PROVIDED MATERIAL >>

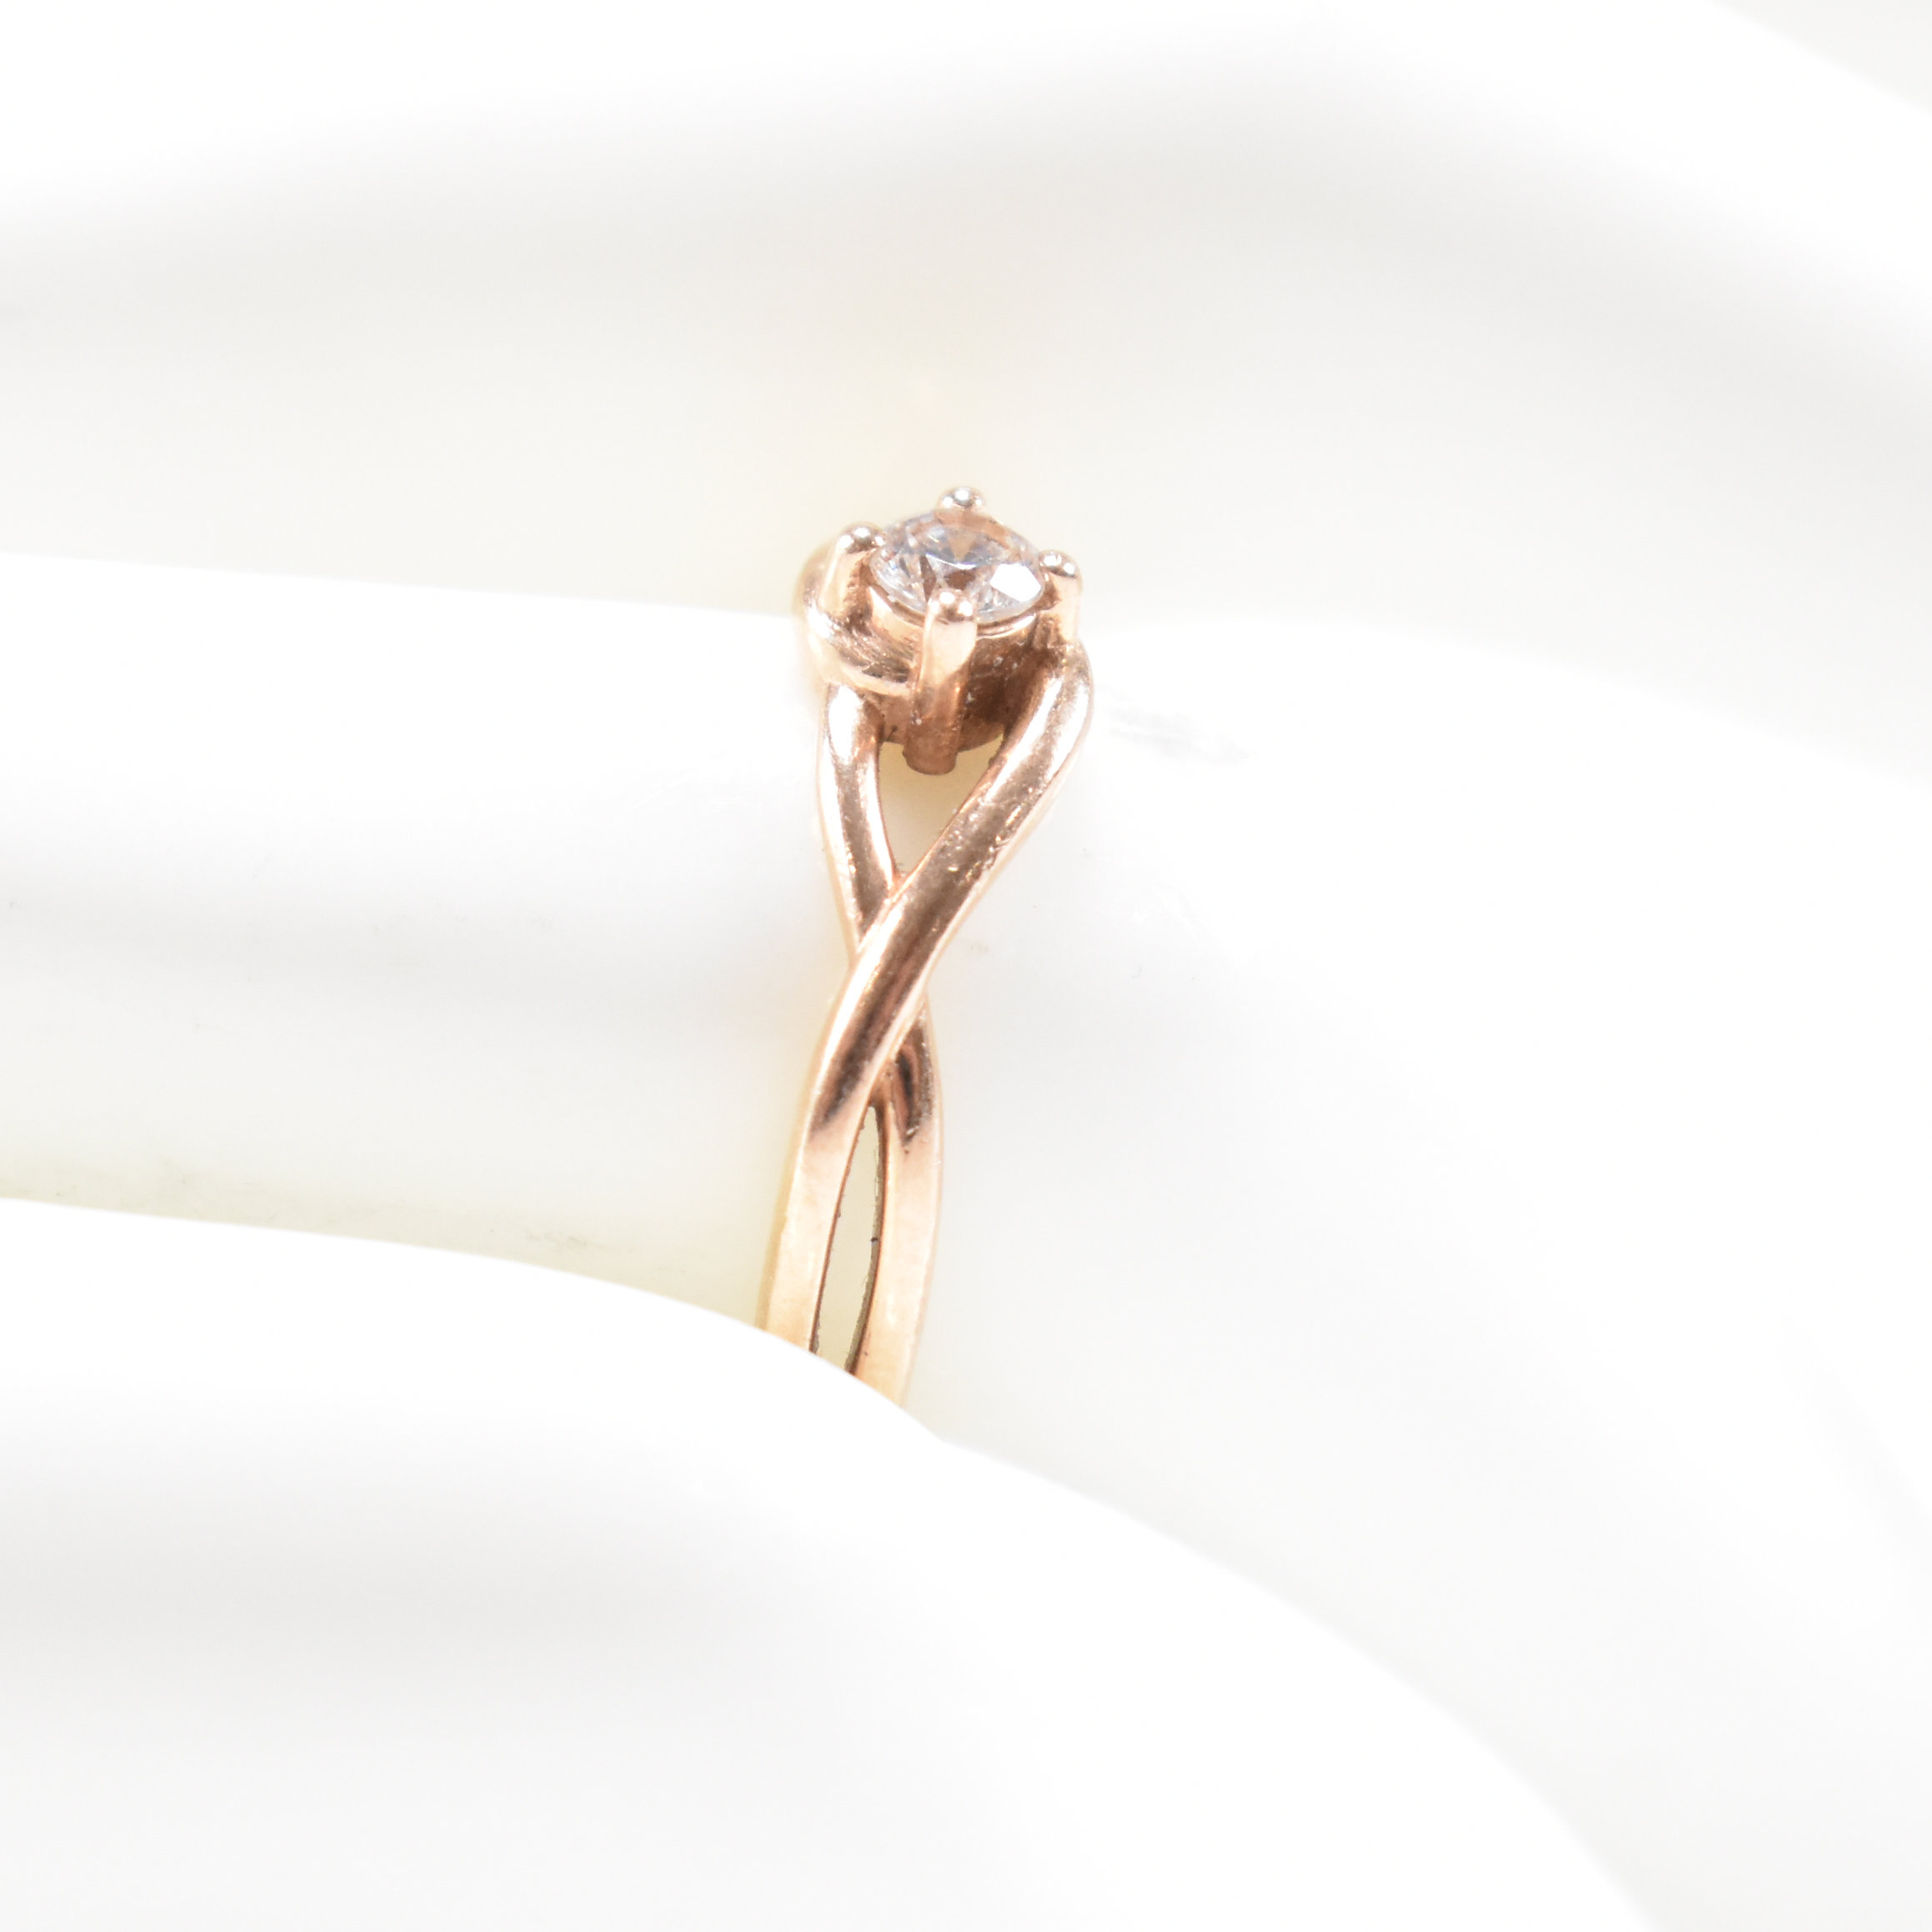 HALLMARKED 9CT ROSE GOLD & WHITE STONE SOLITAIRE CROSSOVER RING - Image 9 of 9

==

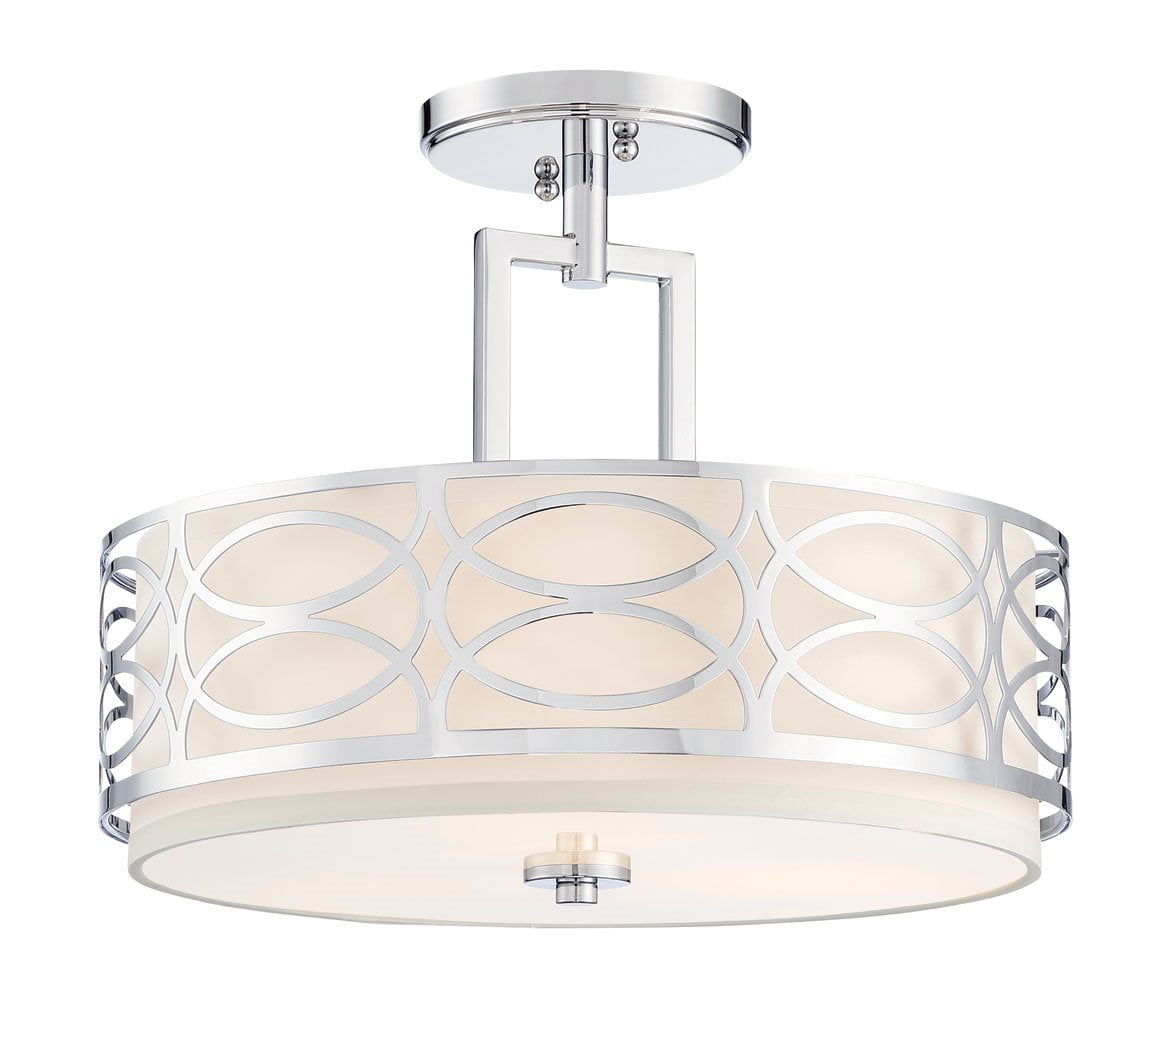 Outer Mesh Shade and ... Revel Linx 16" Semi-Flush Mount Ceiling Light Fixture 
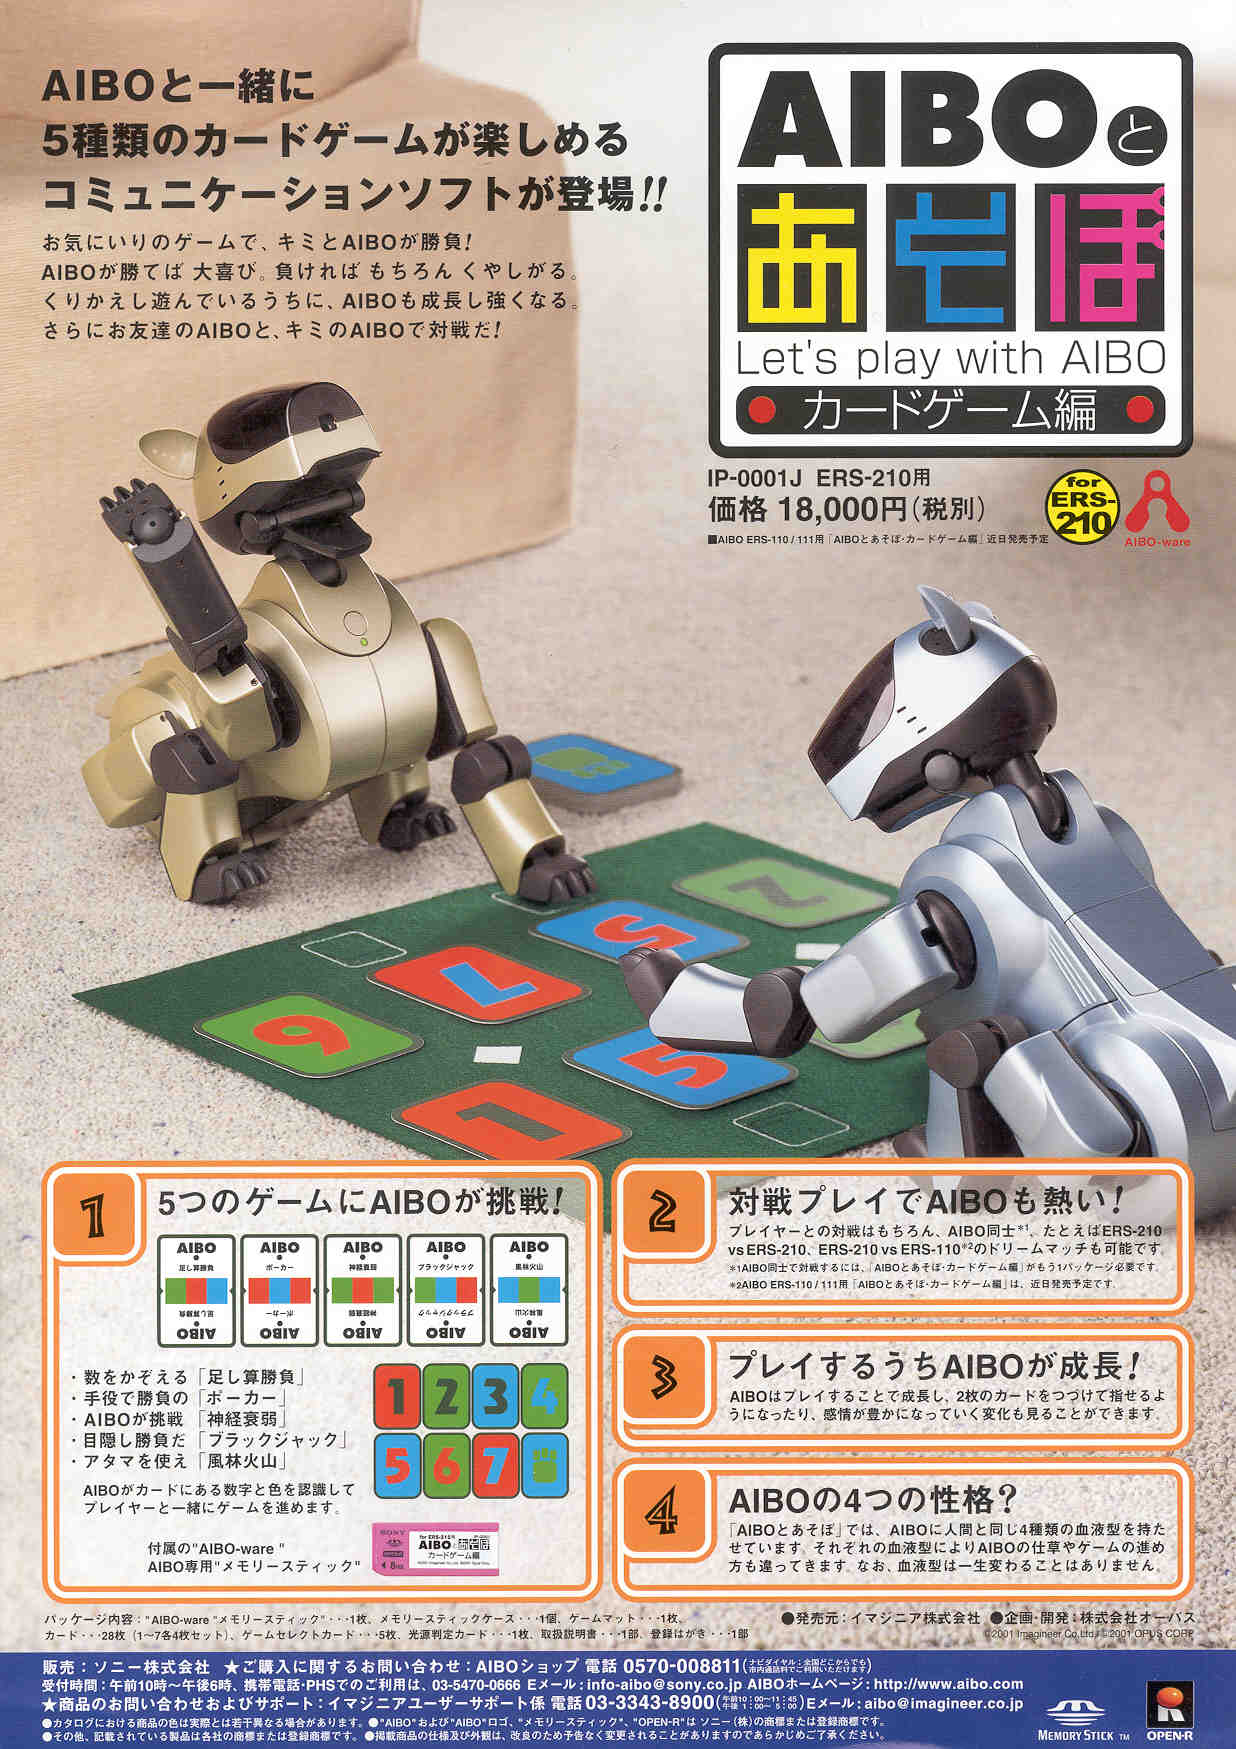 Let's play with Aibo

WORK REQUIRED >>
Range to copy from the listing above: the line with "Outer Mesh Shade" through the line with "Let's play with Aibo". Transcribe it exactly and skip the pictures.

OUTPUT FOR THIS EXERCISE >>
 Outer Mesh Shade and ... Revel Linx 16" Semi-Flush Mount Ceiling Light Fixture 
 Let's play with Aibo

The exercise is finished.